Output, exactly and with no pictures, the line that contains "Guevara, Ernesto Che - Boliviaans dagboek" and every line that comes after it in the data below, the last one included.

◆ **RECORDED INFORMATION**:
========================================
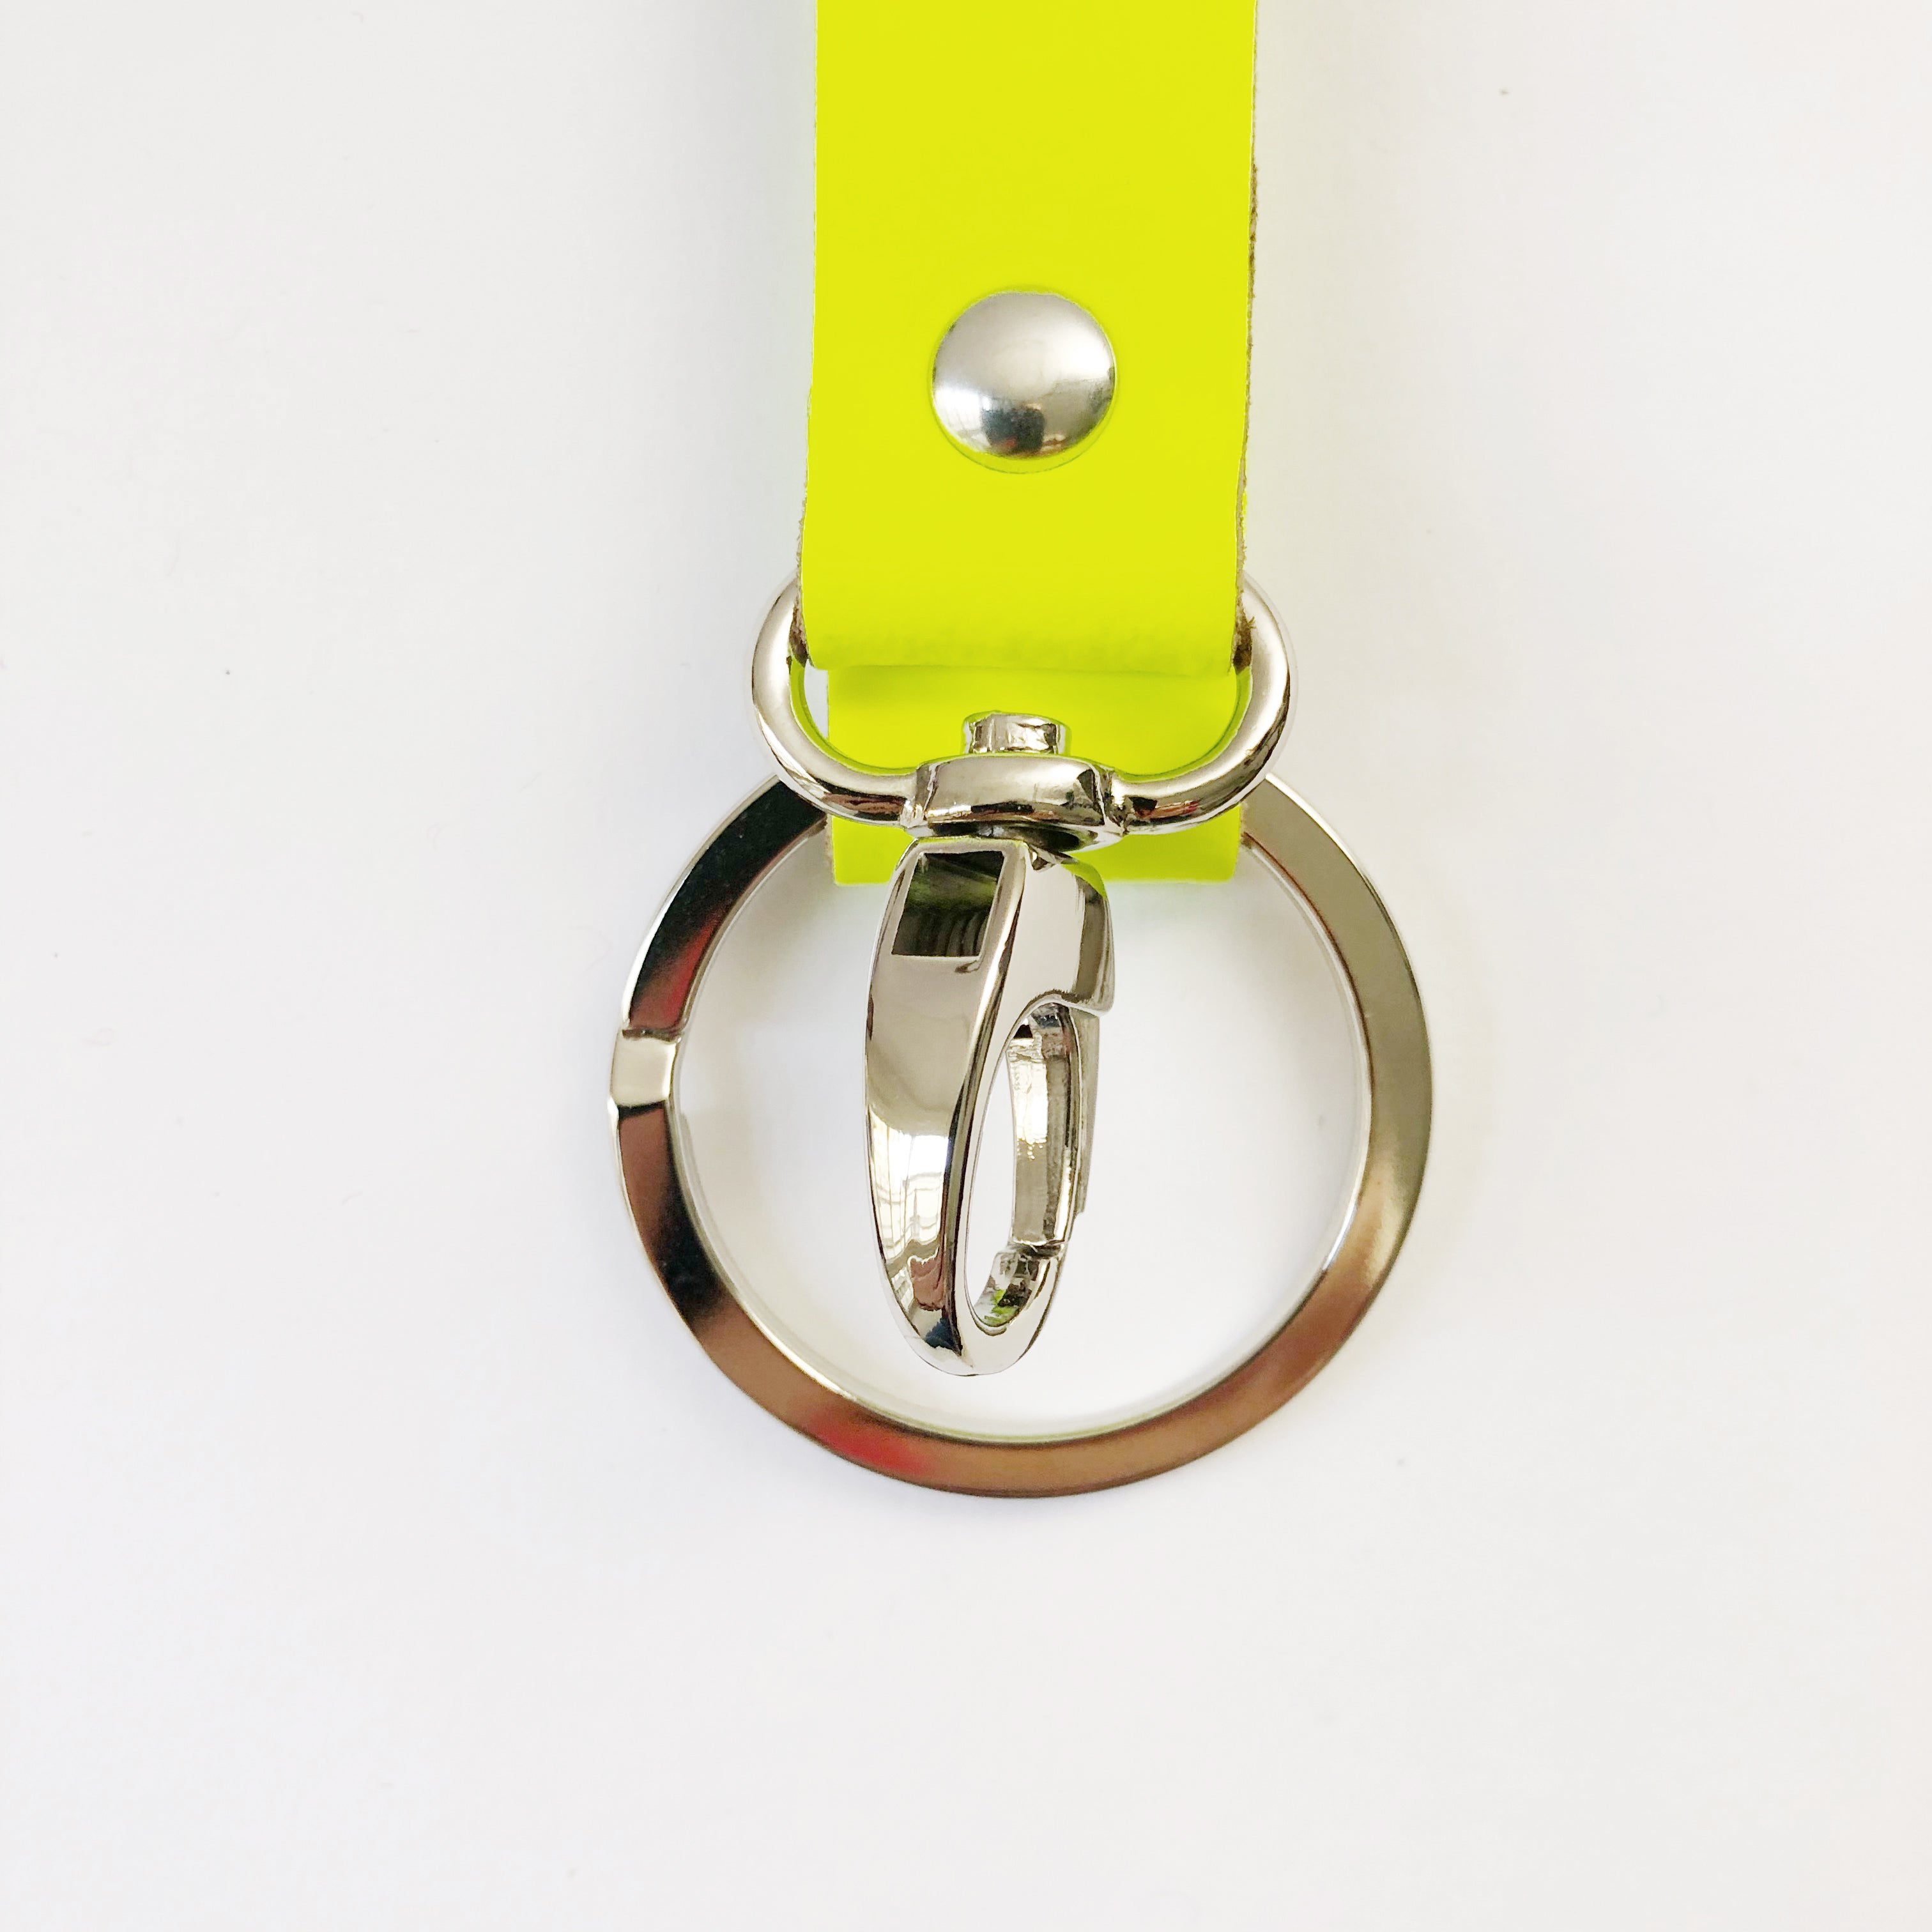 Neon Schlüsselanhänger Leder in Neon-Orange. 1 x Sofort lieferbar
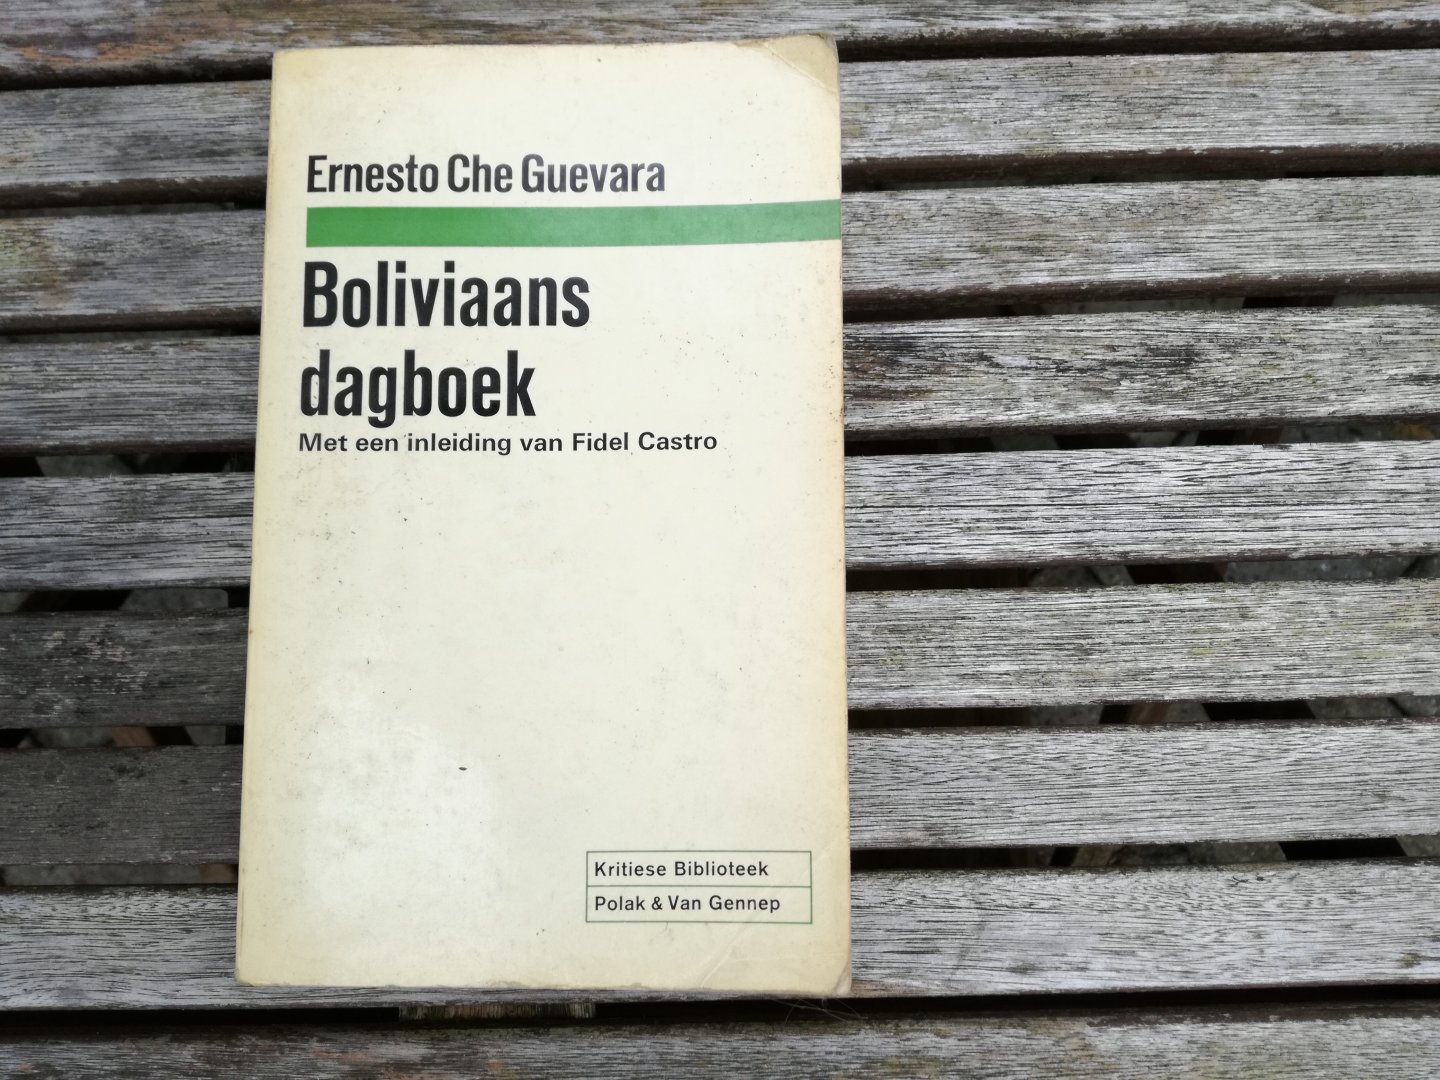 Guevara, Ernesto Che - Boliviaans dagboek
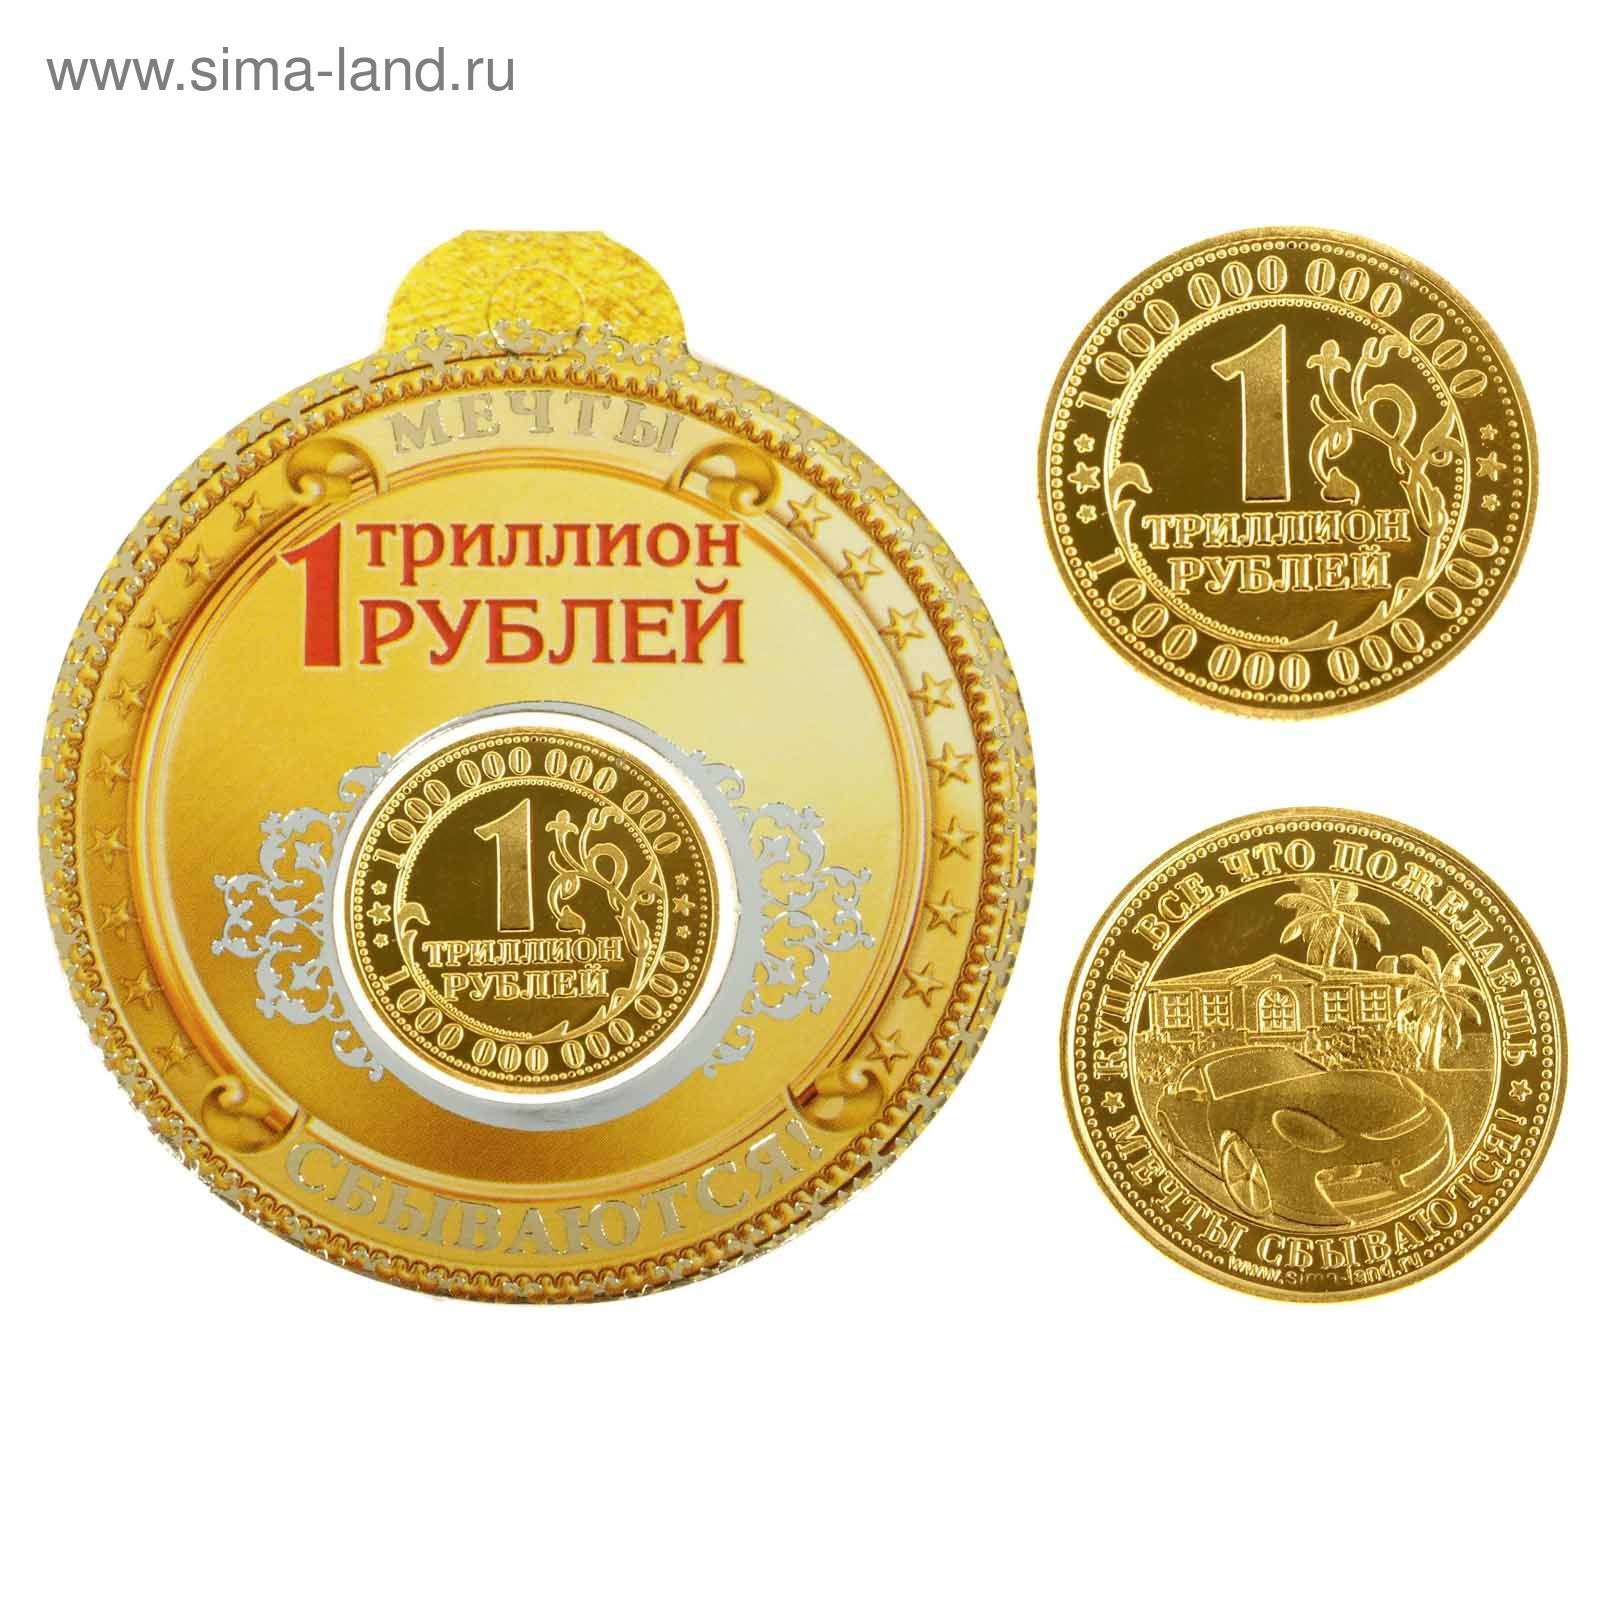 1 тин в рублях. Триллион рублей монета. 1 Триллион рублей. Монета один триллион рублей. Монеты за триллион рублей.
========================================
◆ **FINISHED TASK**:
 Guevara, Ernesto Che - Boliviaans dagboek
 1 тин в рублях. Триллион рублей монета. 1 Триллион рублей. Монета один триллион рублей. Монеты за триллион рублей.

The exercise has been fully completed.